According to that study we mentioned earlier, “cool” is now defined by openness, autonomy, power, extroversion, hedonism, and a sense of fun. In practice: someone who texts back, lets you have your own life, and doesn’t scream at waiters. Groundbreaking.
Pedro Pascal became the patron saint of this new era. He eats toast. He’s nice to interviewers. He protects women onscreen and off. If he turns out to be secretly awful, we’ll collectively implode.

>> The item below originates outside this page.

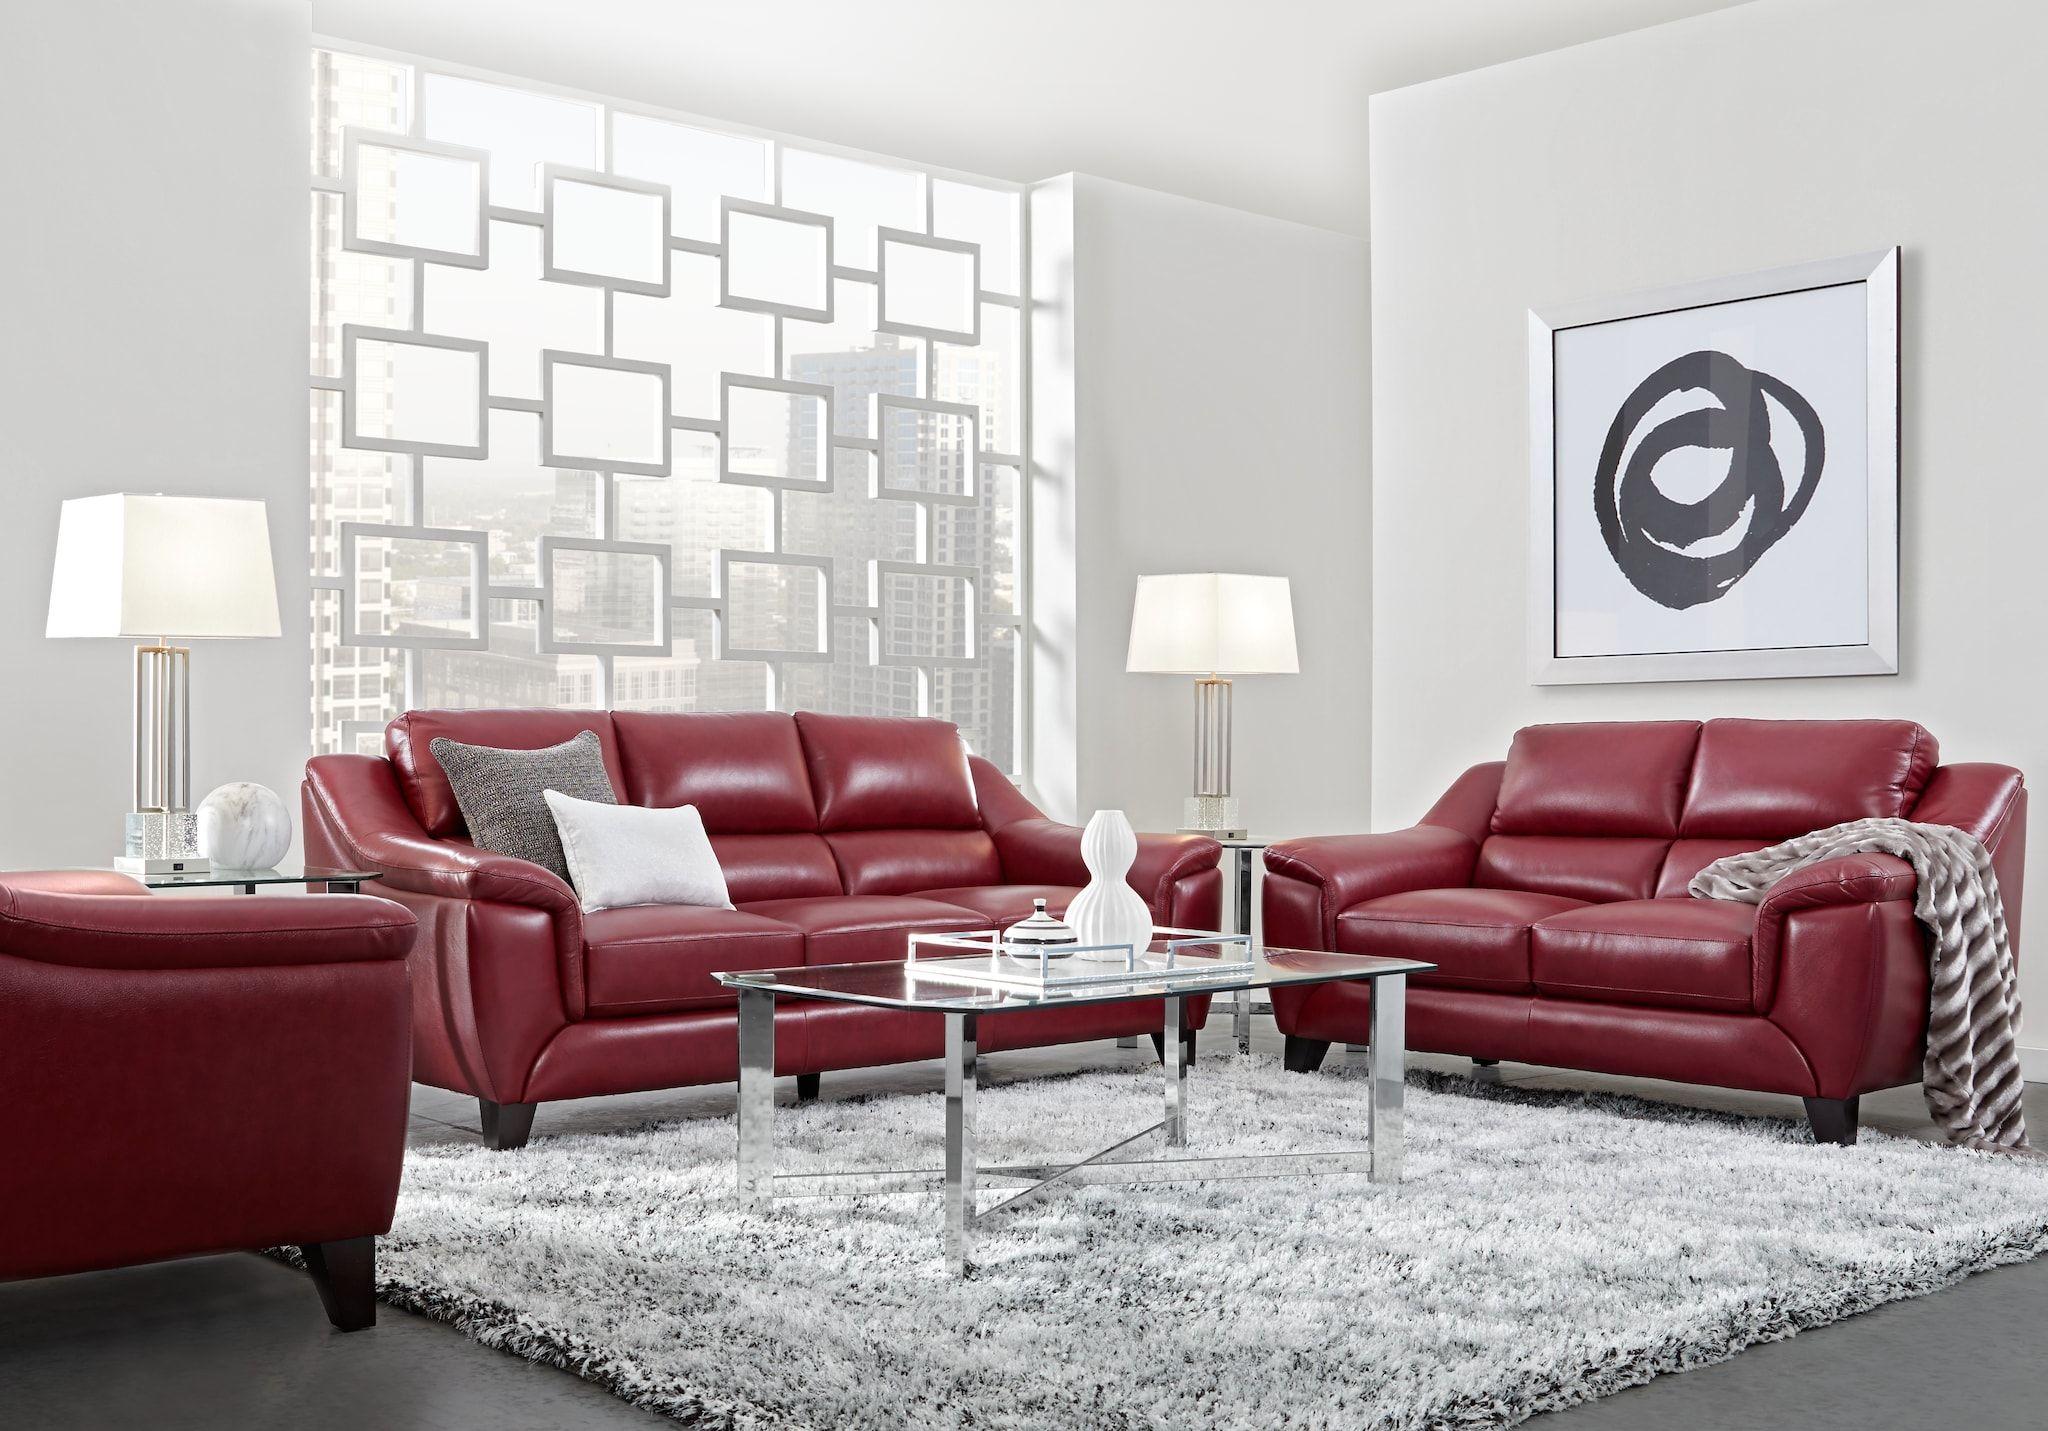 Living Room Sets Living Room Suites Furniture Collections Living Room Leather Leather Living Room Furniture Leather Living Room Set Leather living room suit

Michael B. Jordan’s charisma has us on our knees. Chris Evans is our forever golden retriever. Manny Jacinto is a total wife guy (complimentary). Harry Styles wears a pearl necklace and means it. “Cool” now means calm. Confident. Unbothered but in a nice way.
“Cool” has been replaced by chill — the guy who goes to therapy, wears a linen button-down, and makes you soup. They’re relaxed, they don’t take life too seriously, and they treat people with respect. Hot.
We’re no longer glamorizing the guy who ghosts us after quoting Nietzsche — we’re romanticizing the man who brings us a snack and doesn’t flinch when we cry. “Cool” isn’t a detached, chain-smoking enigma anymore. It’s the person who sees you, hears you, and still wants to make out.
Call it growth. Or call it the bare minimum. Either way, we’re into it.